By Christoph Steitz and Tom Käckenhoff
ESSEN, Germany (Reuters) – Demand for next-generation lifts and car components enabled Thyssenkrupp <TKAG.DE> to report its highest annual order intake in five years as the German firm slowly exits steelmaking.
Thyssenkrupp is in the middle of a major shift under Chief Executive Heinrich Hiesinger towards technology and away from the more volatile steel industry, its traditional mainstay.
It has sold its money-losing Brazilian steel mill CSA Cia Siderúrgica do Atlántico SA to Ternium SA <TX.N> and struck a deal to combine its European steel businesses with that of India’s Tata Steel <TISC.NS> in 2018.
“The structural problems in the European steel industry have not gone away. We still have significant overcapacities also on the European flat steel market,” Hiesinger said on Thursday.
But labor representatives are demanding job protection for workers and say Thyssenkrupp is shirking responsibility for a business whose roots go back more than 200 years.

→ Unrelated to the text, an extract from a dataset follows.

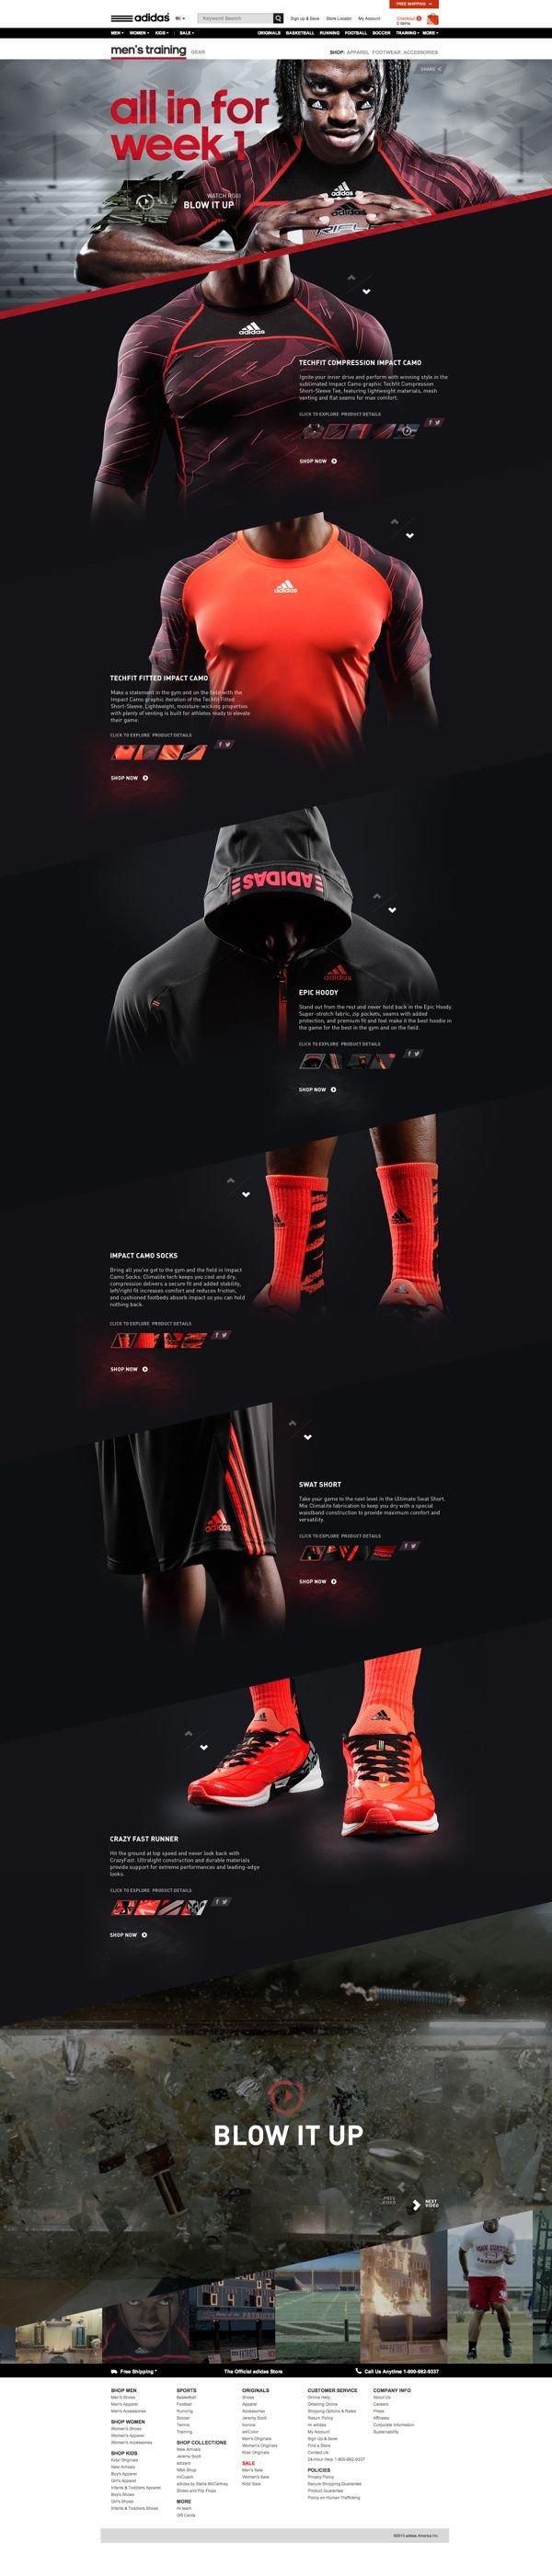 Unique Web Design, Adidas via @Kin Nirov

Hiesinger said he remained confident an agreement with workers can be found as thousands were expected to stage demonstrations at Thyssenkrupp’s tin plate production site in Andernach, calling for job and plant guarantees.
“All conceivable alternatives would involve far greater job cuts,” Hiesinger said, referring to 2,000 job losses that were already announced along with the joint venture in September.

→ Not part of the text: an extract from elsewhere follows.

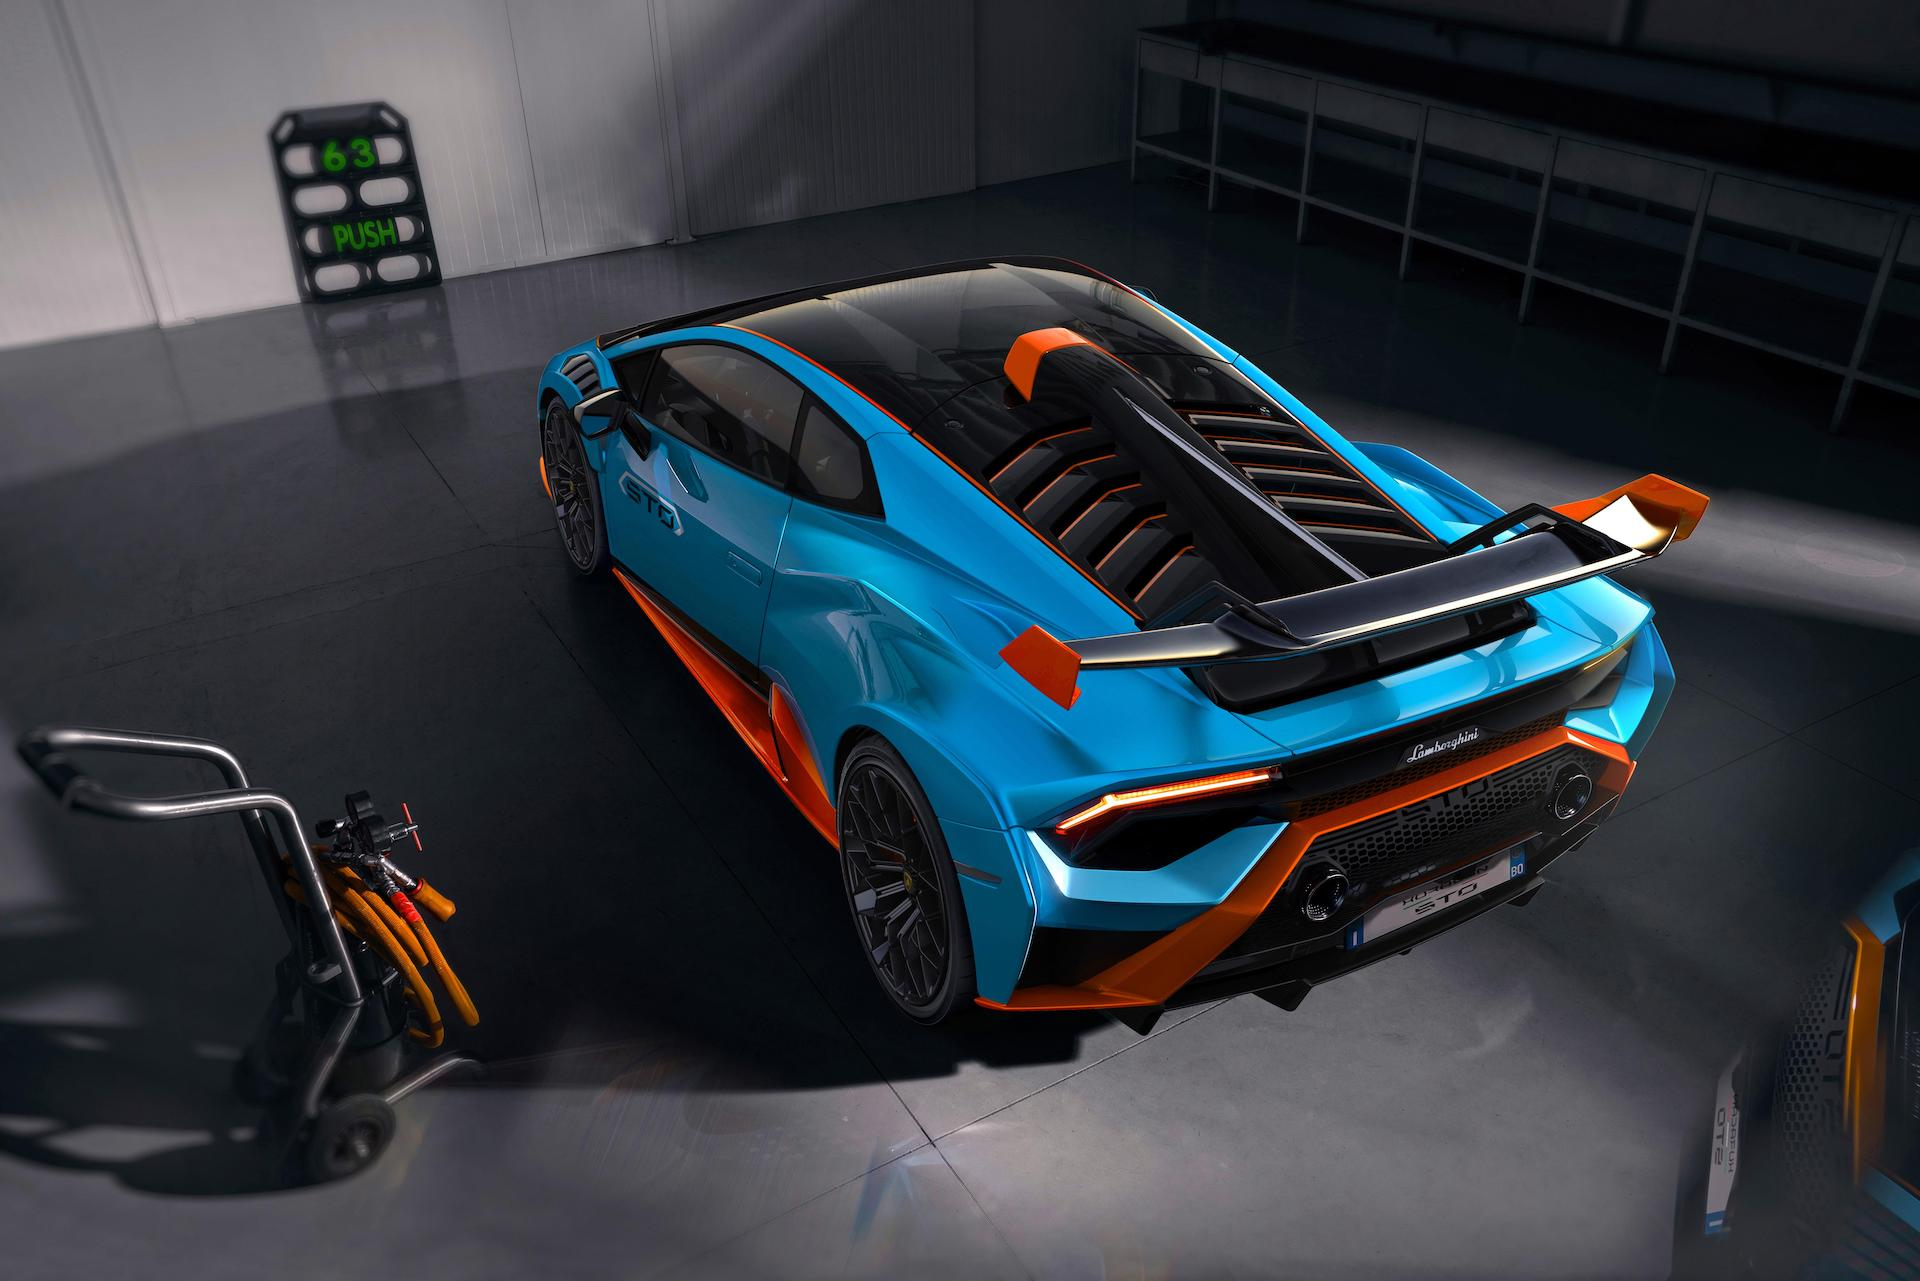 Der neue Lamborghini STO: Die Inkarnation des Squadra Corse-Erbes 5

Shareholder Cevian, which holds around 18 percent of Thyssenkrupp, described the results as concerning, saying management had set a target four years ago to achieve operating margins of 6-7 percent but was only making half that.
“The strategy has not yet delivered what was promised” Cevian co-founder Lars Foerberg told German daily Handelsblatt in an interview.
He said while the company had found a good solution for the steel division, it needed to look at finding the right structure for its other divisions to become more competitive.
“There are various options to find the right structure. A joint venture, decentralized company structure, spin-off. The main point is that old-style conglomerates don’t work,” he said.
The chief executive of Siemens <SIEGn.DE> also said earlier this month that he saw no future for old-school conglomerates.
CATCHING A LIFT
While slowly reducing its dependency on steel, Thyssenkrupp is staking its future on its elevators unit, its most profitable, as well as demand from the automotive sector, its biggest customer group accounting for about a quarter of sales.
ThyssenKrupp’s order intake rose 18 percent to 44.29 billion euros ($52 billion) in the financial year to Sept. 30 while adjusted earnings before interest and tax (EBIT) reached 1.91 billion euros, beating the 1.73 billion expected by analysts in a Reuters poll.
Operating profit at its elevators unit, which mostly caters to clients in the United States and Europe with its internet-connected elevators, rose 7 percent to 922 million euros, making it the group’s single biggest profit contributor.
At its components technology unit, which supplies parts to nine out of 10 premium cars, including all models of electric car maker Tesla <TSLA.O>, operating profit grew 12 percent to 377 million euros.
Shares in the group turned positive after sharp early falls, and closed up almost 4 percent. “The numbers came out better than feared, although the outlook could disappoint people a bit,” said one trader.
Thyssenkrupp, which recommended an unchanged dividend of 0.15 euros per share, said it expects adjusted EBIT this year of 1.8-2.0 billion euros while analysts on average expect 2.03 billion euros.